All ``kwargs`` in the ``coordinators`` config entry are passed to the
:class:`~airflow.sdk.coordinators.executable.ExecutableCoordinator` constructor:

.. list-table::
   :header-rows: 1
   :widths: 30 15 55

   * - Parameter
     - Default
     - Description
   * - ``executables_root``
     - *(required)*
     - One or more directories scanned recursively for executable bundles. Accepts a string,
       a path, or a list of strings/paths.
   * - ``task_startup_timeout``
     - ``10.0``
     - Seconds to wait for the bundle subprocess to connect after launch. Increase this if your
       bundle startup is slow (e.g. on constrained hardware).

.. _go-sdk/edge-worker:

Alternative: the Go Edge Worker
-------------------------------

The same bundle binary can also run **without a Python coordinator**, under the standalone Go Edge Worker.
Rather than the worker launching the bundle once per task, ``airflow-go-edge-worker`` is a long-running Go
process that registers with the scheduler, polls the Edge Executor API for workloads, and runs the bundle
directly over HashiCorp ``go-plugin`` (gRPC), with no Python in the data path. The bundle source and
``RegisterDags`` registration are identical; only the deployment differs, and the mode is selected
automatically at launch from the CLI flags, so you do not change any task code.

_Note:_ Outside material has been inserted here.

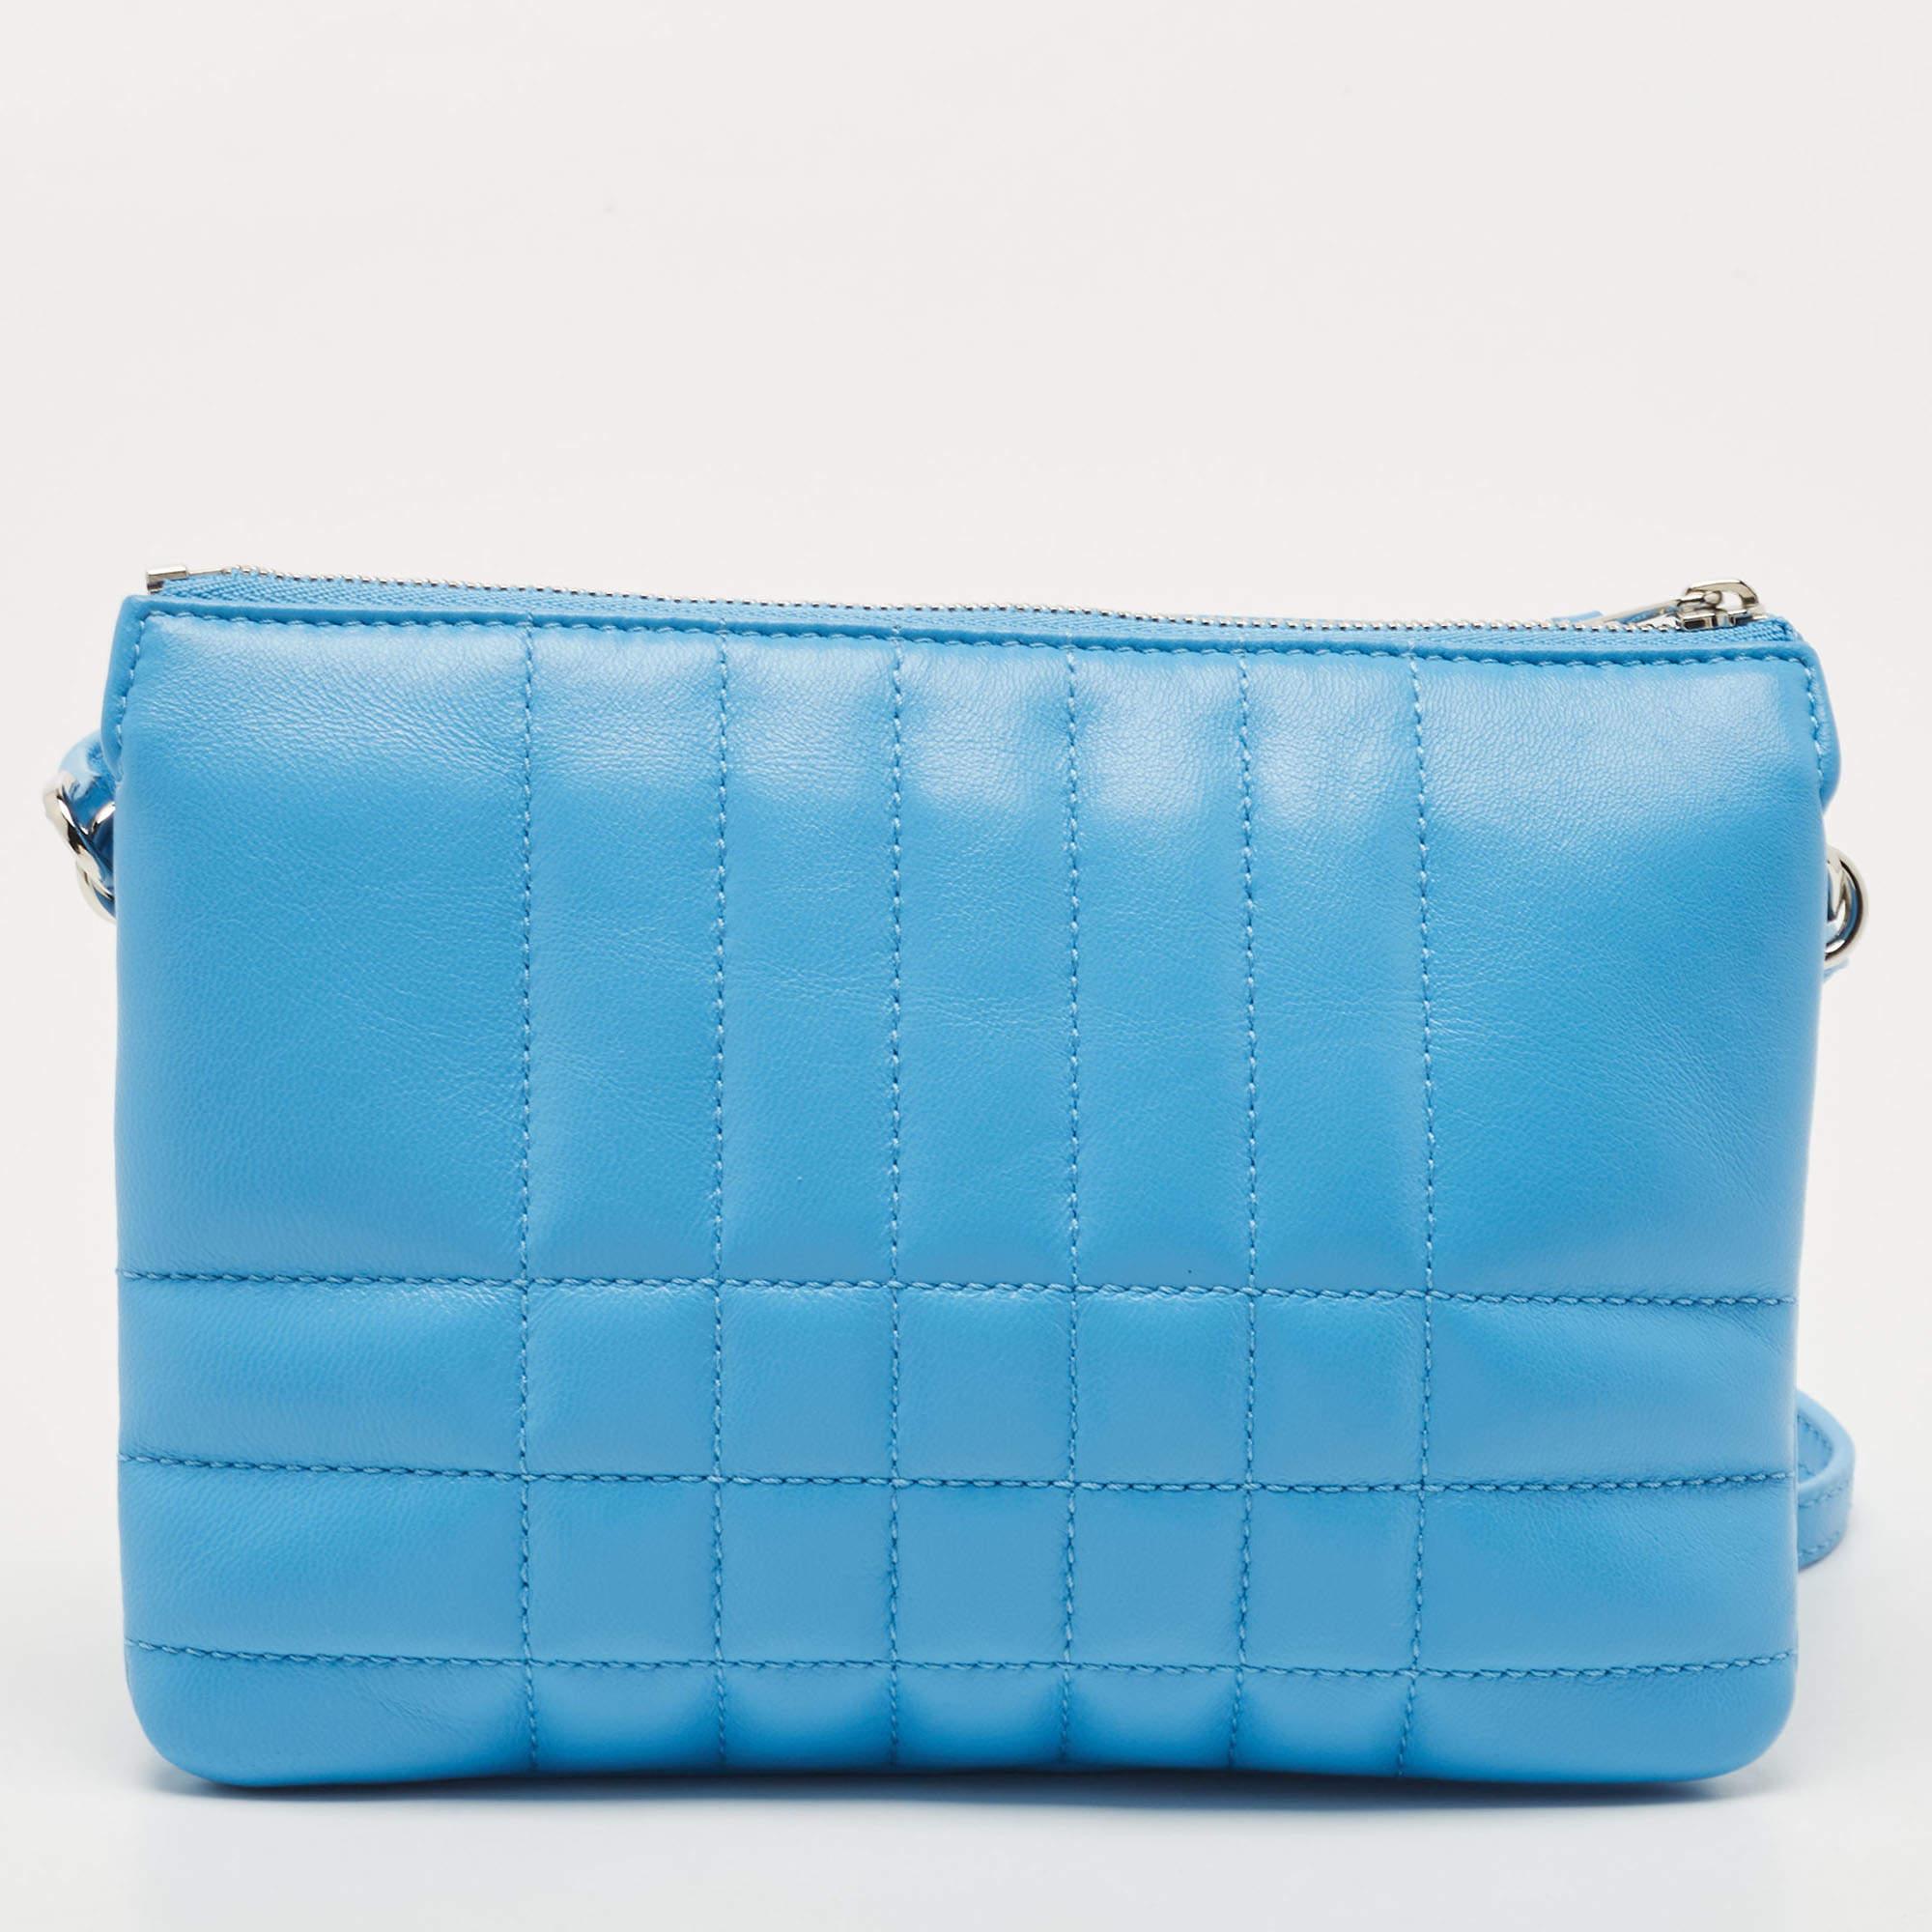 This Lola shoulder bag from Burberry does complete justice to the brand's timeless aesthetic. Externally, it is made using blue and quilted leather with a silver-tone TB accent decorating the front. It features a shoulder strap and an interior in

This path does not use the ``[sdk] coordinators`` configuration and is currently missing the features listed
under :ref:`go-sdk/limitations`. See the Go SDK's own repository documentation for Edge Worker setup
(``airflow-go-edge-worker`` configuration and ``go install``).

.. _go-sdk/limitations:

Limitations
-----------

* **A Python stub Dag is still required.** The Execution API does not yet carry Dag structure for non-Python
  languages, so task names and dependencies are declared in Python with
  :func:`@task.stub <airflow.sdk.task.stub>`. This applies to both deployment modes and is a documented
  known limitation.

The following are a non-exhaustive list of features the **Edge Worker** path has yet to implement. They are
the main reason the coordinator path is recommended: in coordinator mode the Python supervisor handles these
concerns, so they are **not** limitations there.

* Putting tasks into states other than success or failed/up-for-retry (deferred, failed-without-retries,
  etc.).
* Remote task logs (e.g. S3/GCS).
* XCom reading/writing through non-default XCom backends.